Work instructions:
Give back every line of the material exactly. Skip the pictures.

Recorded information:
•••••

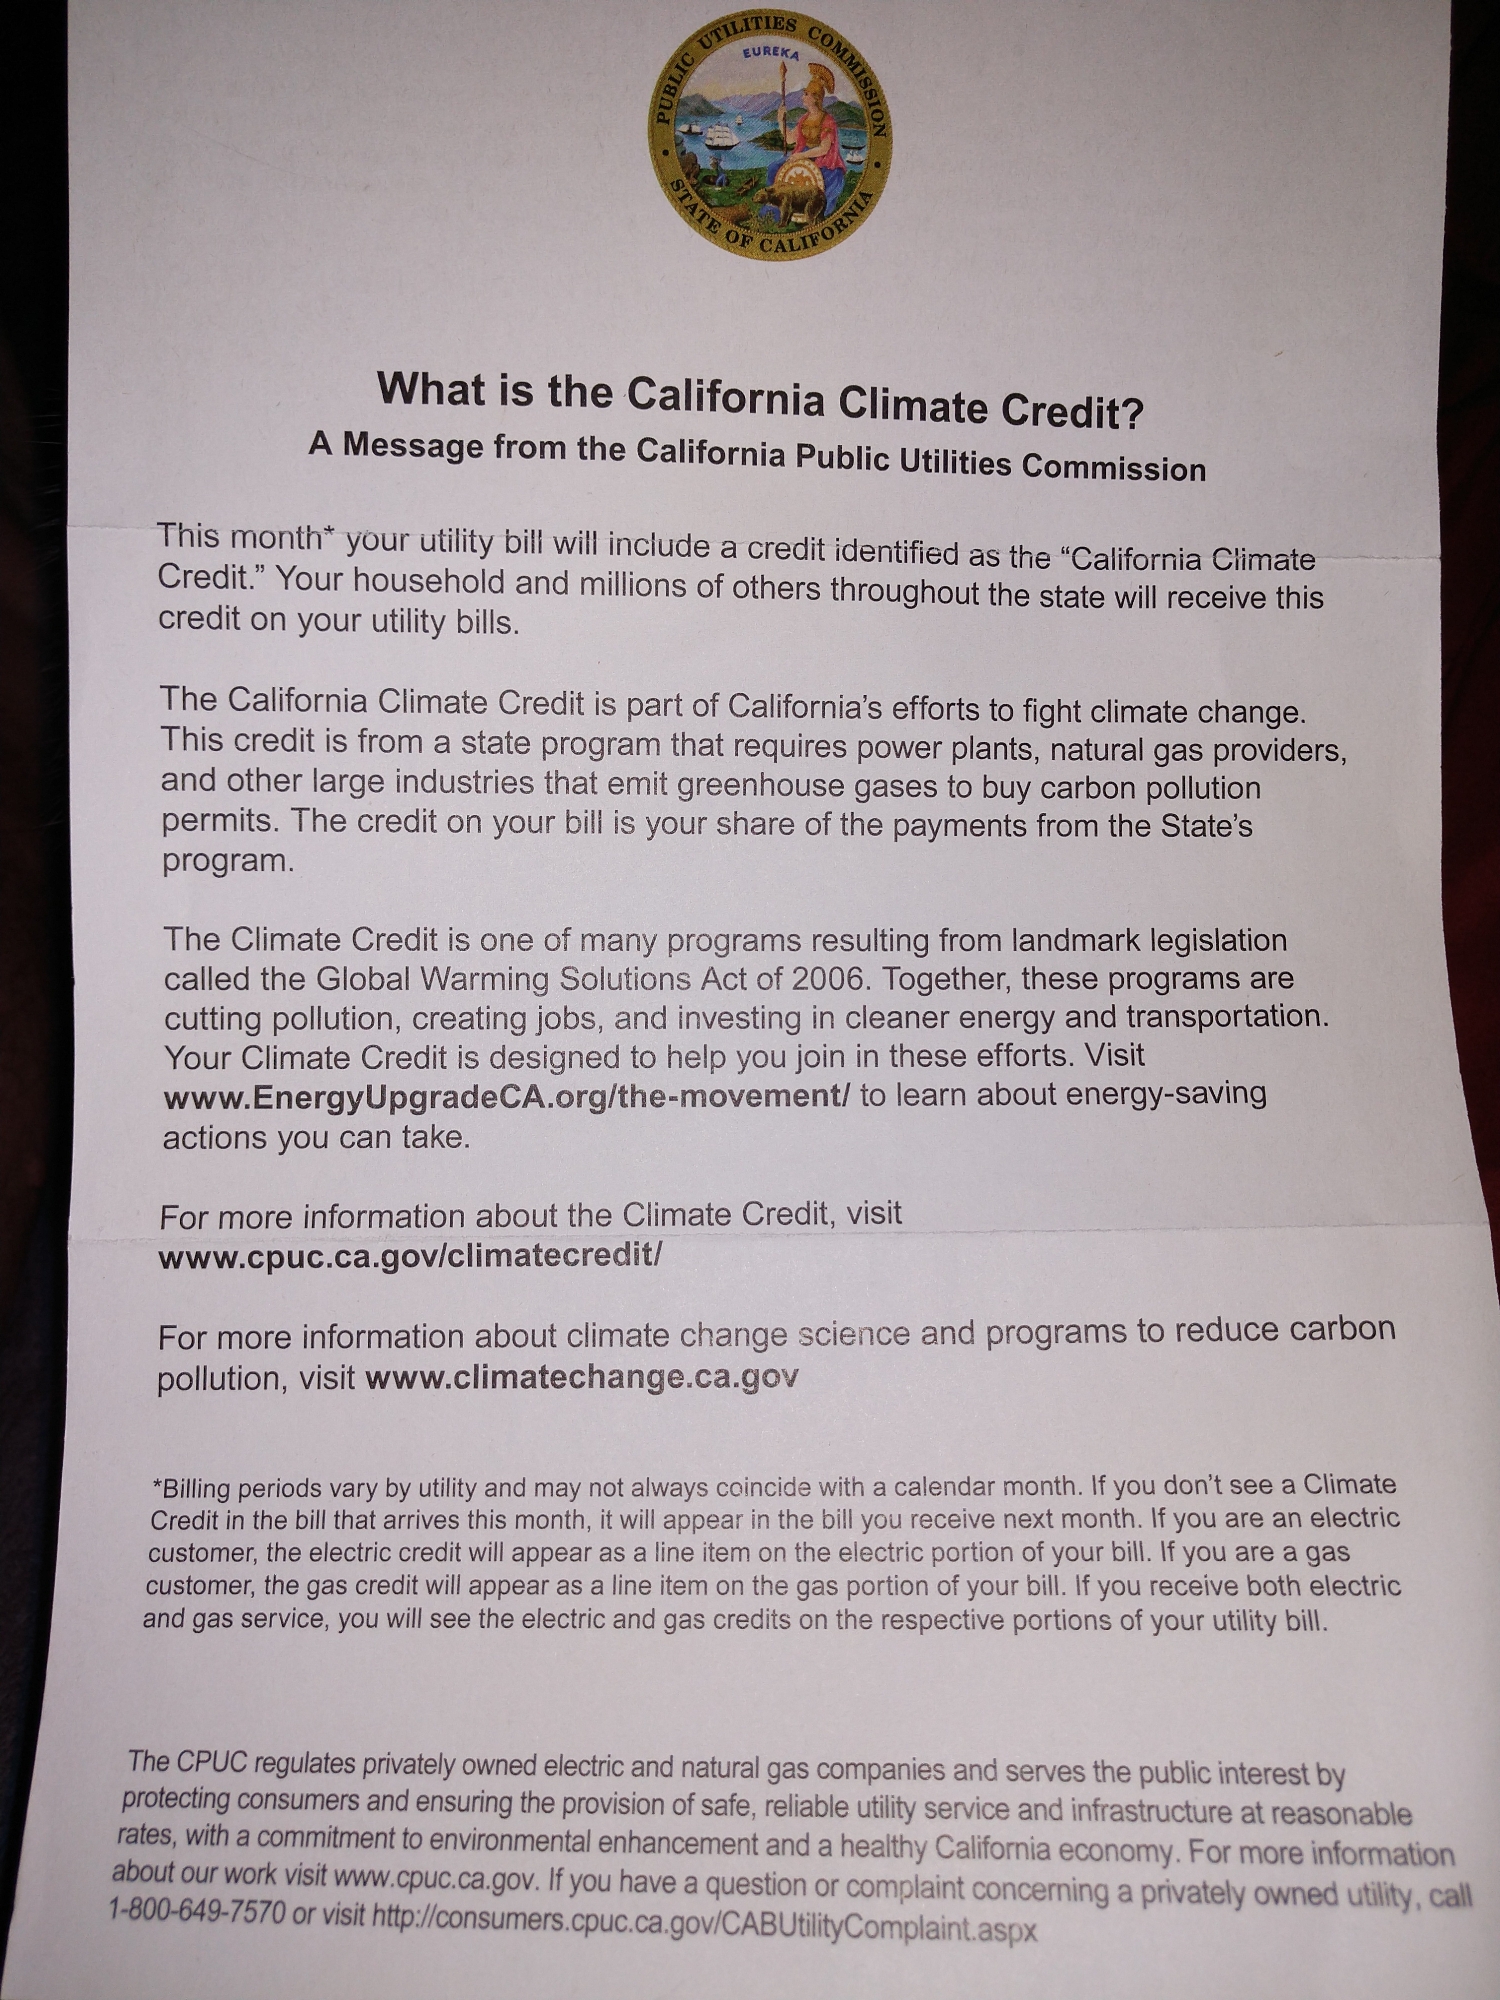 CaliforniaClimateCredit.jpg
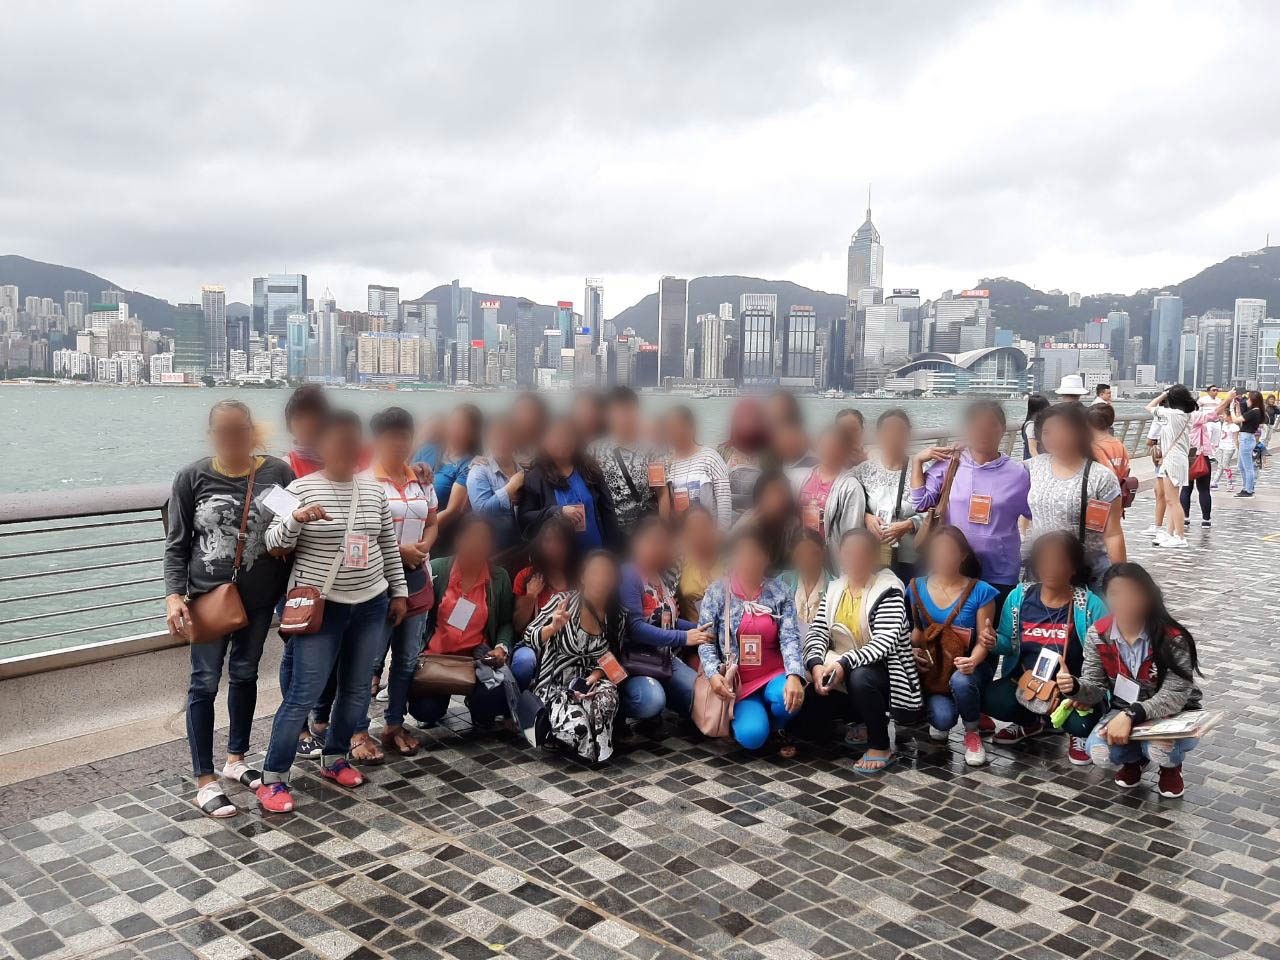 LOOK: Government brings former NPA rebels to Hong Kong for sightseeing, shopping
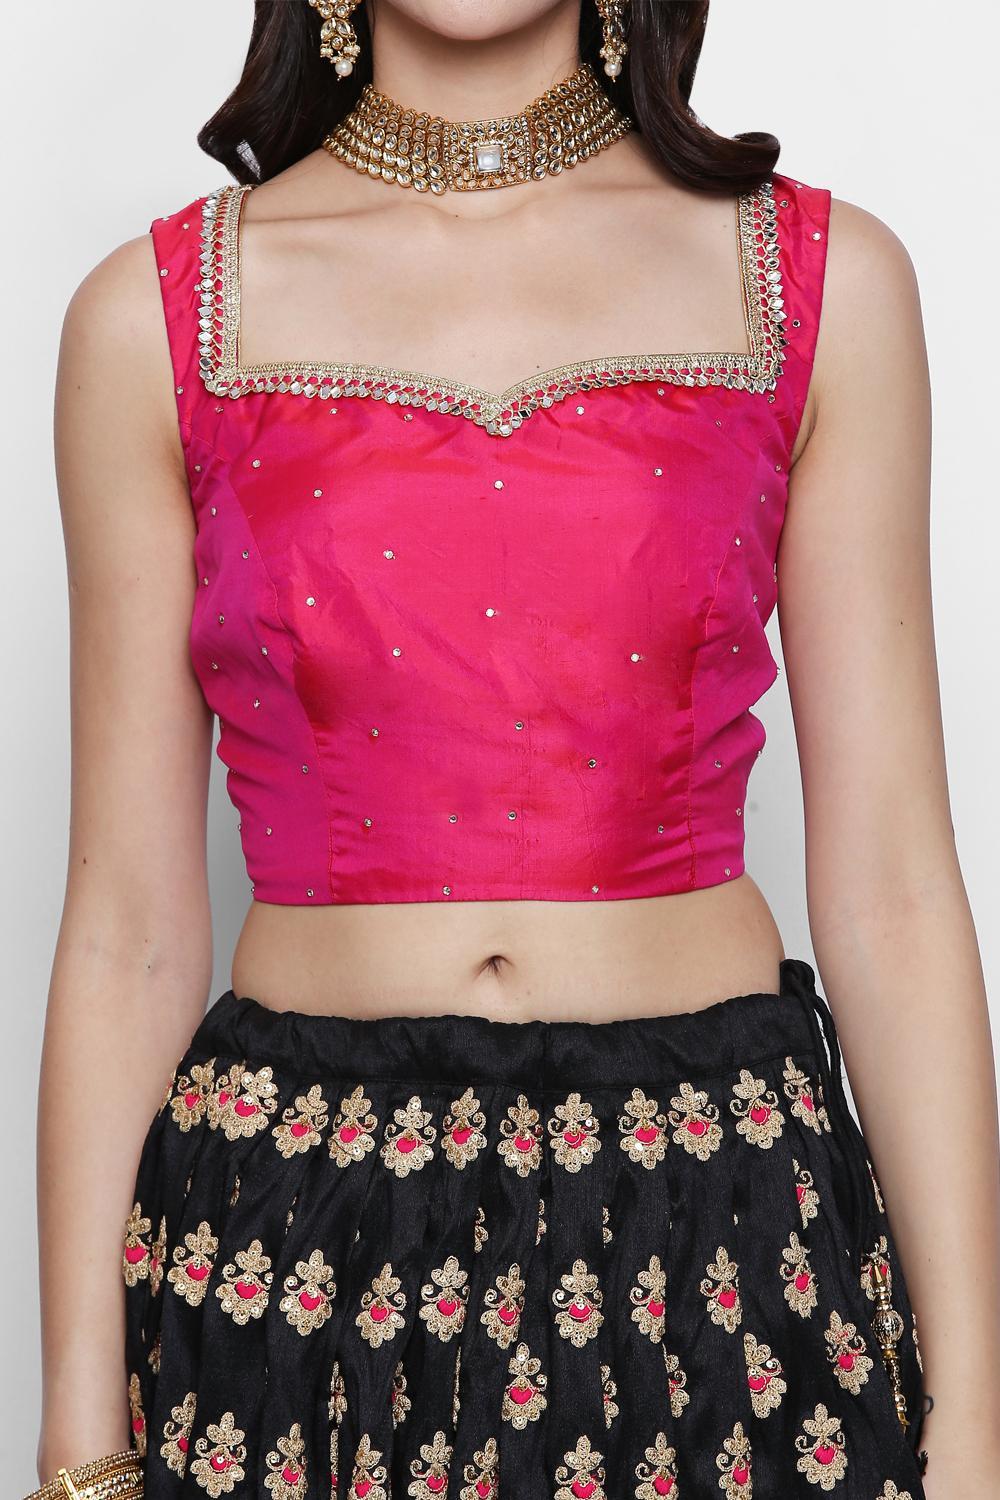 Black and Light Pink Taffeta Silk Lehenga | Party wear lehenga, Black  lehenga, Indian outfits lehenga
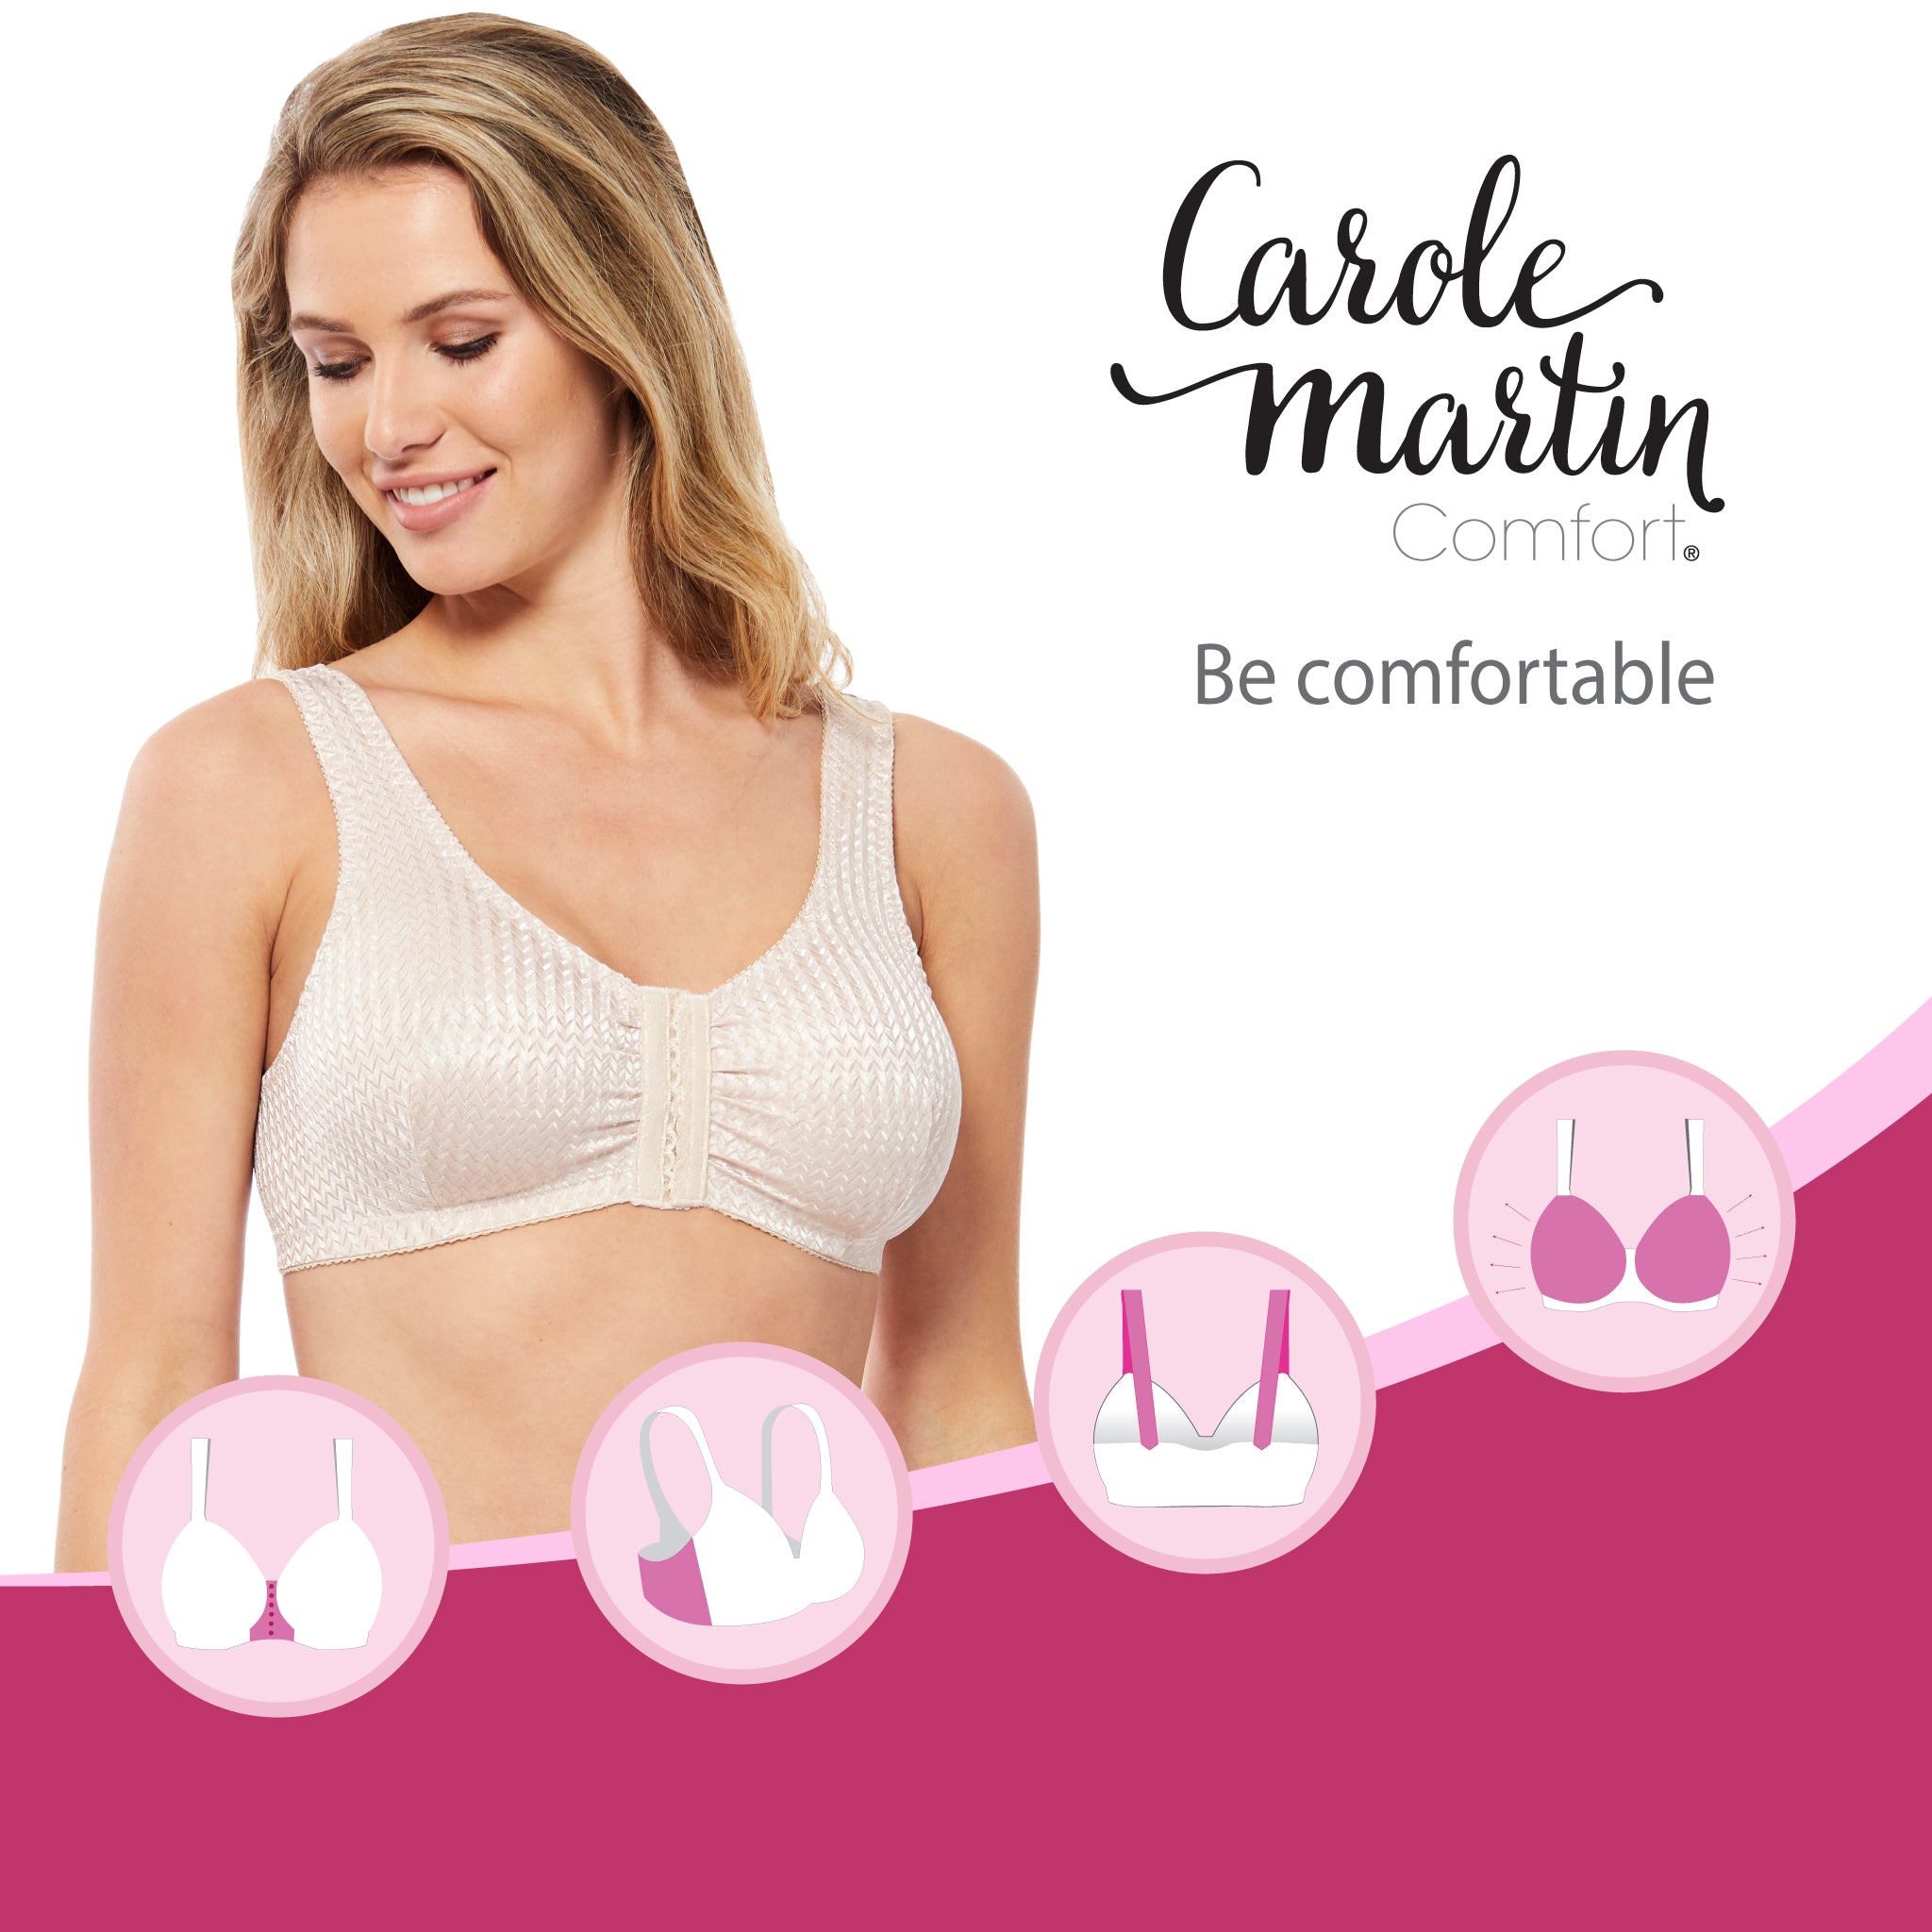 Where to Buy Carole Martin® Comfort Bras – Carole Martin USA

•••••

Response for this exercise:
 CaliforniaClimateCredit.jpg
 LOOK: Government brings former NPA rebels to Hong Kong for sightseeing, shopping
 Black and Light Pink Taffeta Silk Lehenga | Party wear lehenga, Black  lehenga, Indian outfits lehenga
 Where to Buy Carole Martin® Comfort Bras – Carole Martin USA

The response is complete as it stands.